What does organic farming have to do with gang violence prevention?

Seventeen-year-old DelRay is from Roxbury. Today he’s on an organic farm, planting squash. "I'm planting the plant in the hole with the fertilizer," he explains. "The fertilizer is giving the plant nutrients for the roots for it to grow."

Next to him, in the muddy field not far from downtown Boston, is 18-year-old Sam, who was in a gang and didn’t want to use his last name. They’re paid $8 an hour, and Sam says the program keeps him safe, "by, like, keeping me busy and keeping me focused so that I can keep my mind focused on what I am trying to do next. And with the money that I get, I’m trying to get my permit, get my license, get a car and move on."

Youth Options Unlimited Boston, which placed these kids at the farm and at other work sites, gets more than half it’s funding from a state program called the Shannon Grants. Deputy Director Kim Pelletreau says farming teaches kids to be reliable workers who follow directions.

"They get evaluated on a point system every day: Their attendance, their punctuality, their attitude, their commitment, their contribution. They're measured on everything," she says. "This experience — no matter what the project is — is about kids learning what it means to work."

(Jessie Martin/WBUR)
(Jessie Martin/WBUR)

The Shannon Grants were created in 2005 in response to escalating gang violence in the state. Last year, the legislature allotted $13 million to 18 cities for a two-pronged strategy. Some of the money goes to law enforcement to deter gangs. Most of it, though, funds youth agencies that are trying to persuade kids to leave gangs or not to join them in the first place. This year’s budget cuts the grant program in half,  to $6.5 million.

"They often are the first programs that are cut out," says Lew Finfer, of the Massachusetts Community Action Network. Finfer understands the recession has led to less revenue for the state and cuts, but he thinks the Shannon Grants have been cut more than other programs.

"Very few state programs were cut 50 percent," Finfer says. "But I think the bigger problem is the lack of revenue. If we passed an income tax increase only equal to what we were paying during the last recession, it wouldn't restore all the cuts, but it would lessen them."

Finfer would like to see another tax increase because he fears public safety will suffer without more funding for the Shannon Grants. Some agencies that have relied on state money will try to make up for the loss by raising funds privately. Police departments may try to shift resources to cover the shortfall. But there will be reductions in police patrols, jobs for youth, outreach workers and programs.

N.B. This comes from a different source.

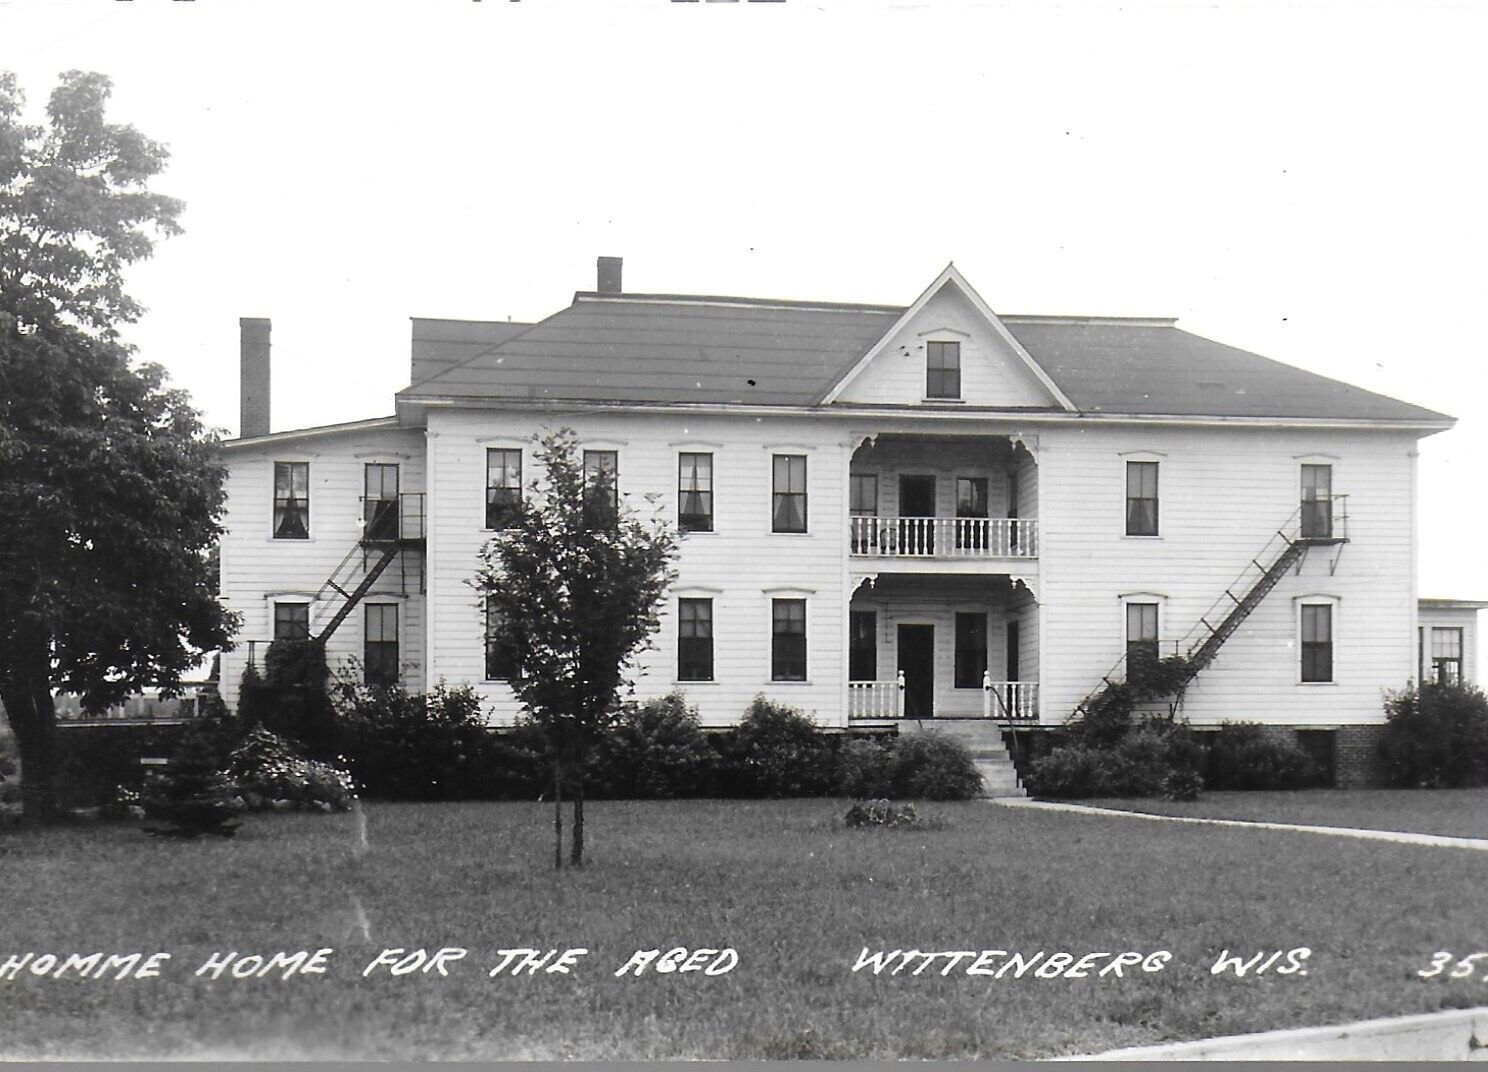 RPPC Wittenberg, WI - Homme Home for the Aged

That worries Kim Pelletreau of Youth Options. "The Shannon Grant in the city of Boston and the partners of Y.O.U. Boston that the Shannon Grants support are absolutely instrumental," Pelletreau says. "That money has been absolutely critical to being able to serve the highest-risk population in the city of Boston."

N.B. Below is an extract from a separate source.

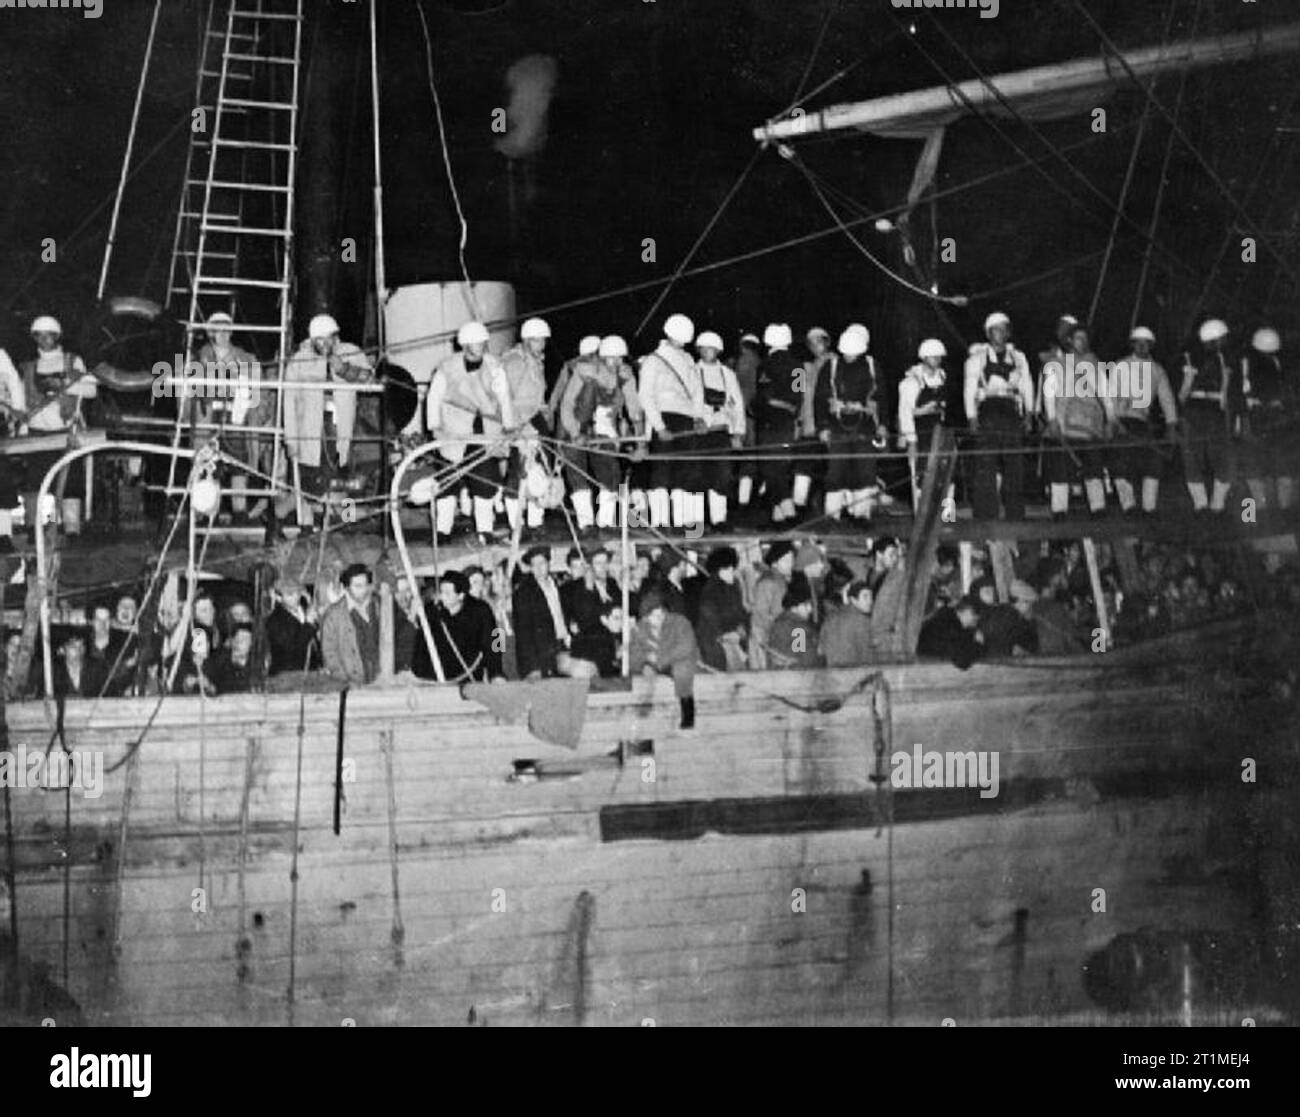 The British Mandate in Palestine 1917-1948 Illegal immigrants arriving into Palestine: The Jewish illegal immigrant ship LANEGEV at the port of Haifa. A Royal Navy boarding party are seen on board the over-crowded vessel. Stock Photo

Police departments around the state that receive Shannon Grants are also lamenting the cut in funding. Lowell, which has seen a decrease in gang-related crime, received nearly $1 million in Shannon Grants last fiscal year. The Framingham Police Department uses the $150,000 it got to pay for an outreach worker for gangs and a resource officer in the high school, in an effort to solve problems on the street before they turn into 911 calls.

Deputy Police Chief Ken Ferguson says he thinks that has prevented crime. "We’re going to have to prioritize and determine, you know, what we're going to try to sustain and what we’re going to have to lose as a result of the cuts," he says.

Paying former gang members to plant organic crops might be hard to link to successfully decreasing crime. But DelRay says it keeps him from hanging out in his neighborhood and possibly getting into trouble. "It’s a good program, I don’t think they should be cutting 'cause it’s giving people like us a second chance, basically," he says. "I think they should be putting more money."

But the ongoing recession means state revenue continues to drop below expectations, so lawmakers are not ruling out more cuts to programs — such as the Shannon Grants — later this year.

This program aired on July 13, 2009.